June 6, 2011 Knowing Things¶
By Jeff Schenk
Note
Way too much heckling and too many comments from one person who kept taking him off topic so I asked Jeff to not take so many questions. That did not go over well with the hecklers, but actually asking on the mailing list uncovered a serious problem in the user group. Now things are better.
Ad.ly’s story¶
- Kinda knowing things is easy
- Really knowing with certainty a lot of complex things is maybe harder
- Need to know things with precision is really important
Thing Types¶
- Integers (how many people clicked)
- Strings
- Booleans
- Bling (money)
- Time
Bling¶
Do you want to misplace money and get fired? No? Use Decimal:
from decimal import Decimal
moneys = Decimal('100.01')
Decimal oddities in rounding so use quantize:
>>> moneys / 2
Decimal('50.005') # Copied something wrong here..
# so use quantize
>>> (moneys / 2).quantize('001')
Decimal('50.005') # ... or maybe here cause these numbers are the same
Time¶
- Timezones suck
- Computers like integers
- So they use hours since epoch
- all the work is done in about 10 lines of Python code.
Storage¶
SQL
- Joins are death
- If you join, you will die
- intelligent index are super
- if you’re going to group bu it or filter on it, you probably want it indexed.
Pre-Aggregate
- When you’re working with a lot of data, you need to aggregate chunks as you go.

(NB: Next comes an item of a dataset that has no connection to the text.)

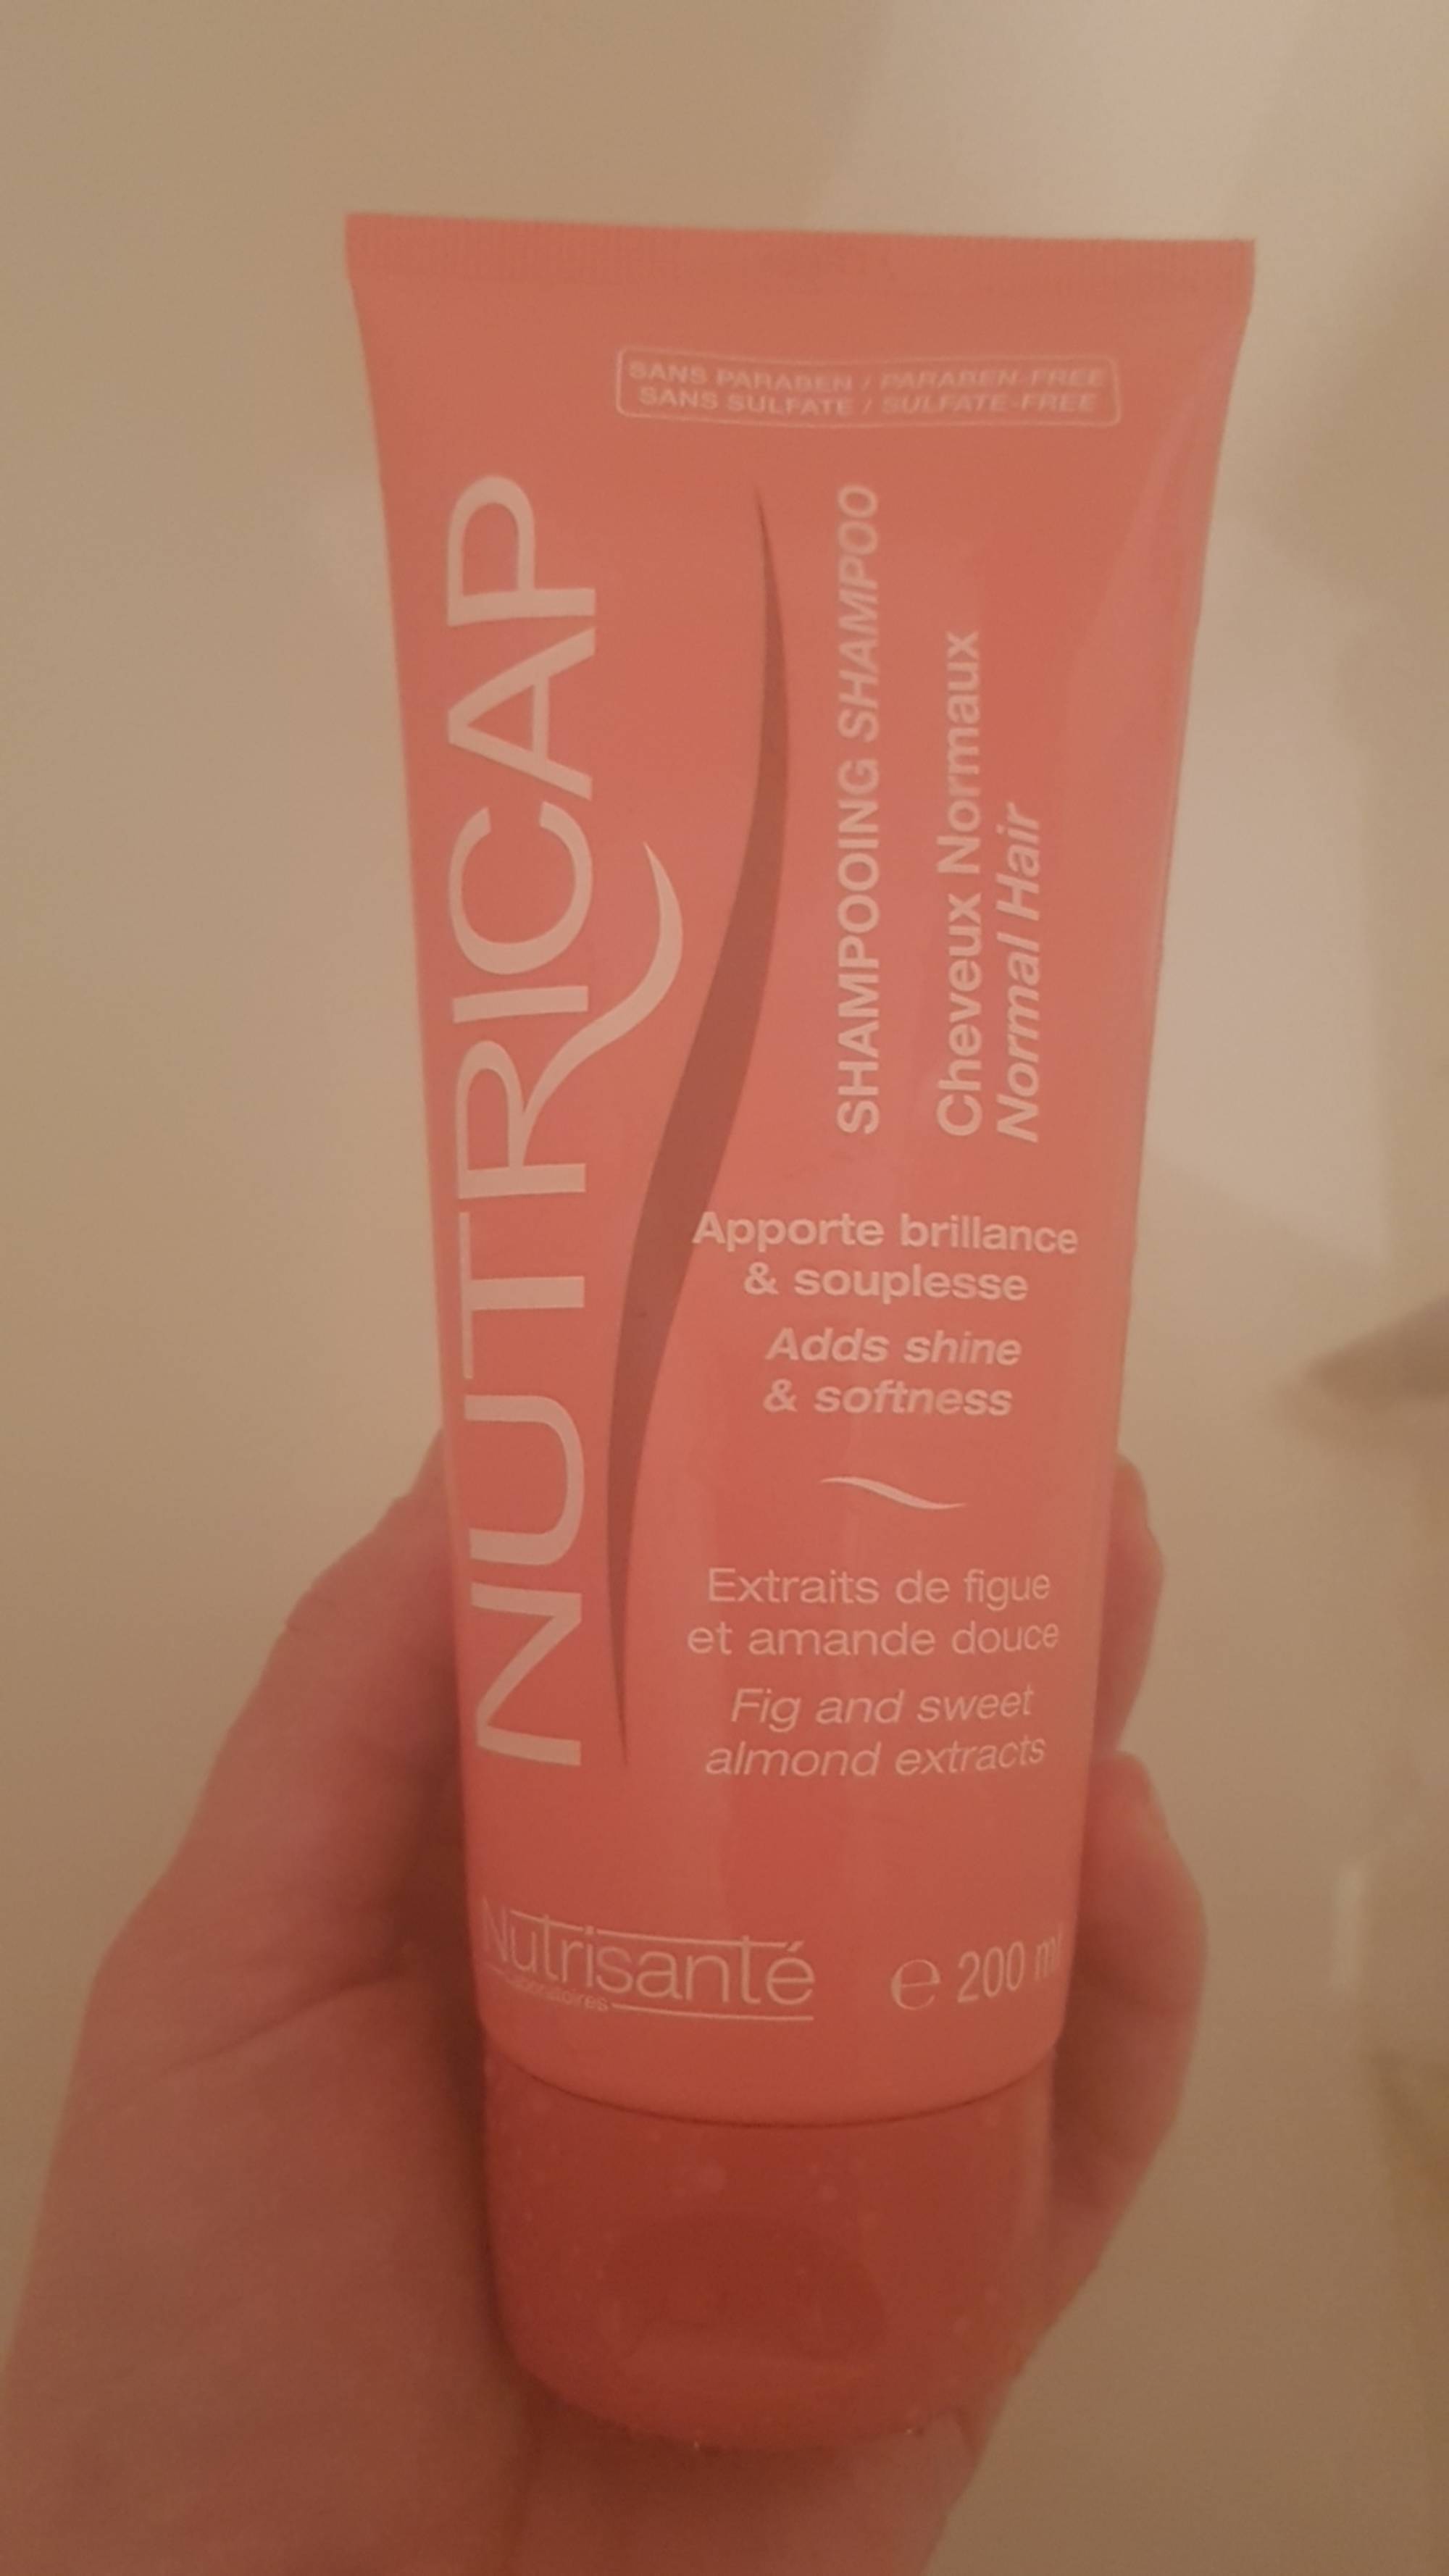 NUTRISANTÉ - Nutricap - Shampooing cheveux normaux

- My Guess: A lot of Celery tasks!
- Spooned into a single report table that breaks normalization
heapq¶
Algorithms makes merging of iterables really powerful:
import heapq
for result in heapq.merge(query1, query2):
# merge results and know they are in order
print(result)
Caching is key!¶
- They need flexibility to slice and dice the data
- Once its been sliced, they want to be able to view, page, and sort the data
- Redis gives the speed of cache with the power to sort and page
- They use redis-py as their library
Questions¶
- Test coverage?